There are all sorts of horrors. You think life is safe but it isn't, it isn't at all. It's just horrors. Horrors!
JANET (reading her face, jerking a thumb upwards from a closed fist in the Whileawayan gesture of religion): God's will be done.
VIII
Stupid and inactive. Pathetic. Cognitive starvation. Jeannine loves to become entangled with the souls of the furniture in my apartment, softly drawing herself in to fit inside them, pulling one long limb after another into the cramped positions of my tables and chairs. The dryad of my living room. I can look anywhere, at the encyclopedia stand, at the cheap lamps, at the homey bat comfortable brown couch; it is always Jeannine who looks back. It's uncomfortable for me but such a relief to her.

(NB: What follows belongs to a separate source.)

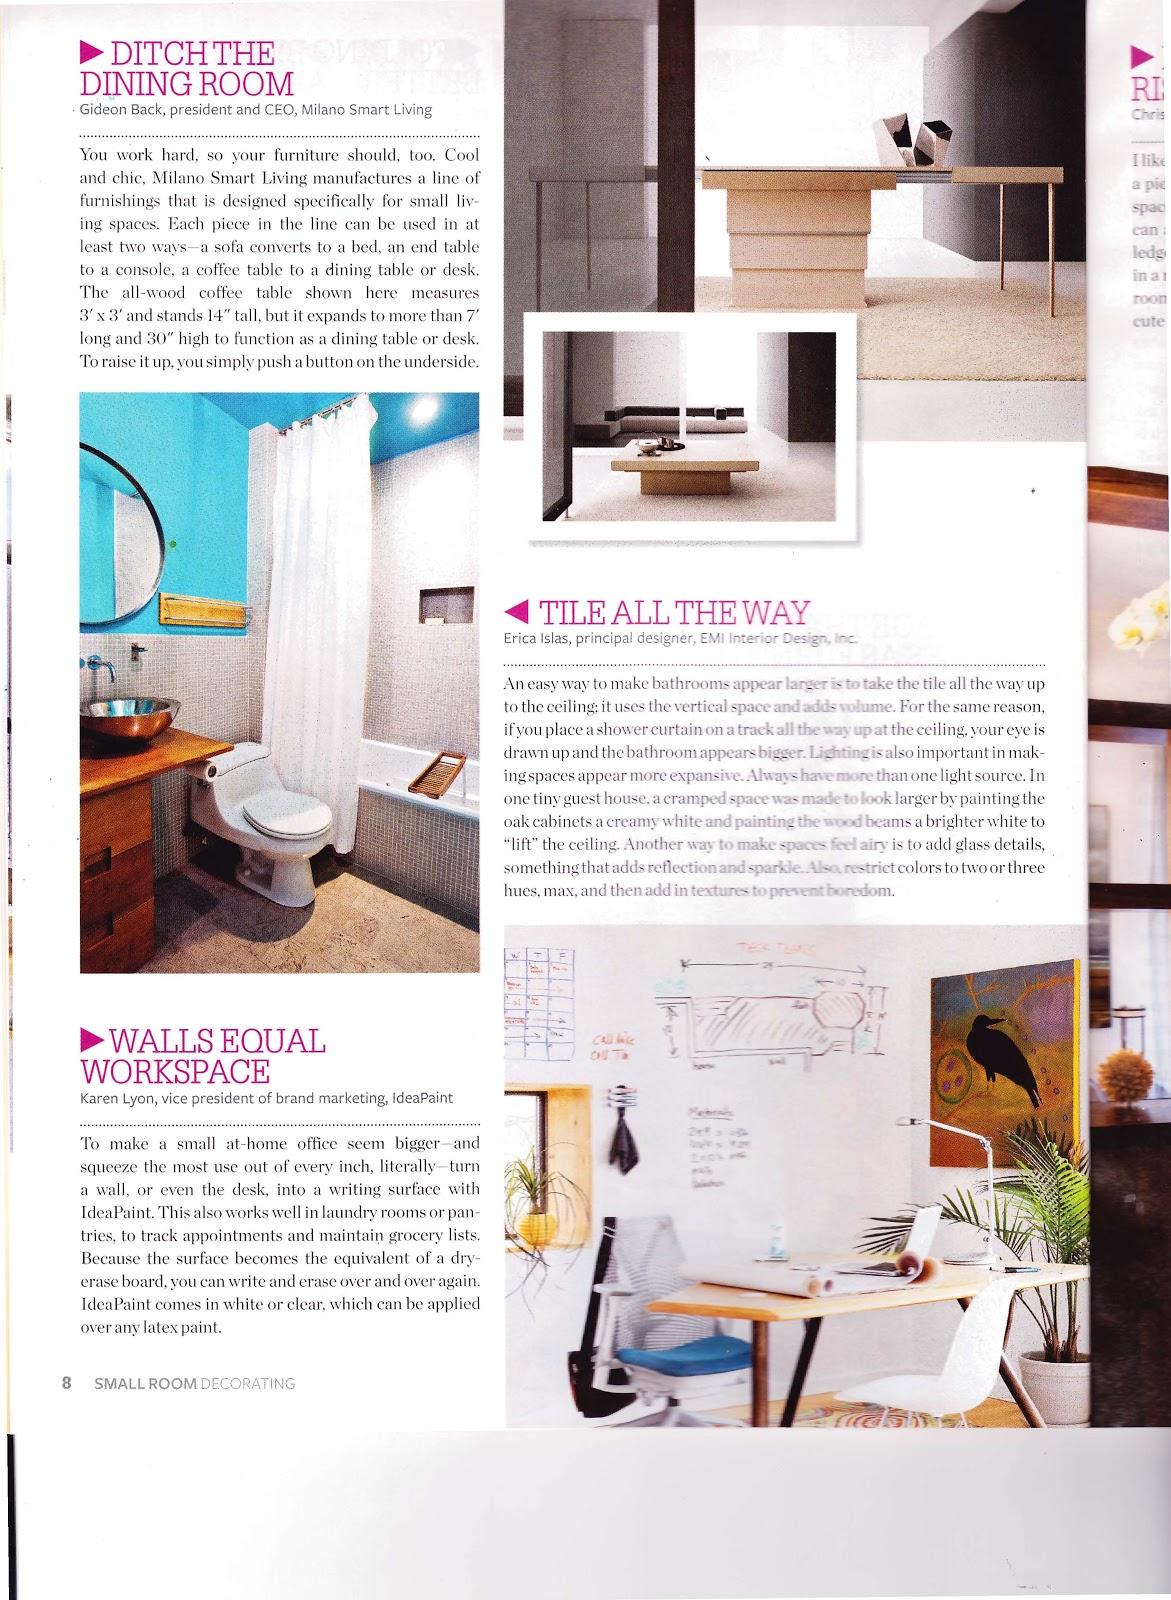 EMI Interior Design, Inc: Small Room Decorating Magazine 2013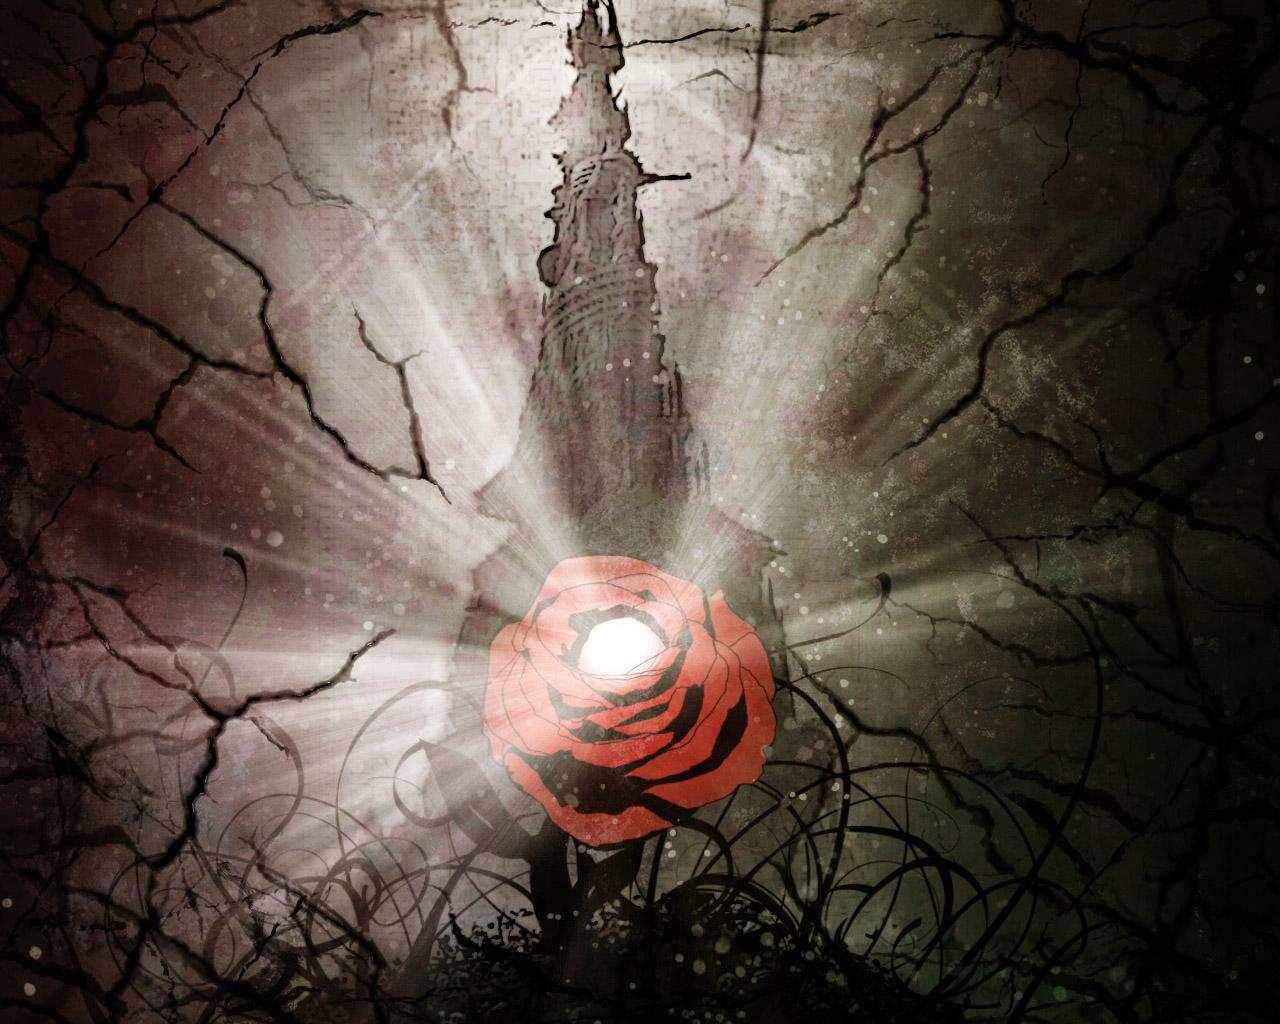 <img333*0:http://orig15.deviantart.net/d439/f/2009/047/e/c/the_dark_tower_by_luke314pi.jpg>

That long, young, pretty body loves to be sat on and I think if Jeannine ever meets a Satanist, she will find herself perfectly at home as his altar at a Black Mass, relieved of personality at last and forever.
IX
Then there is the joviality, the self-consequence, the forced heartiness, the benevolent teasing, the insistent demands for flattery and reassurance. This is what ethologists call dominance behavior.
EIGHTEEN-YEAR-OLD MALE COLLEGE FRESHMAN (laying down the law at a party): If Marlowe had lived, he would have written very much better plays than Shakespeare's.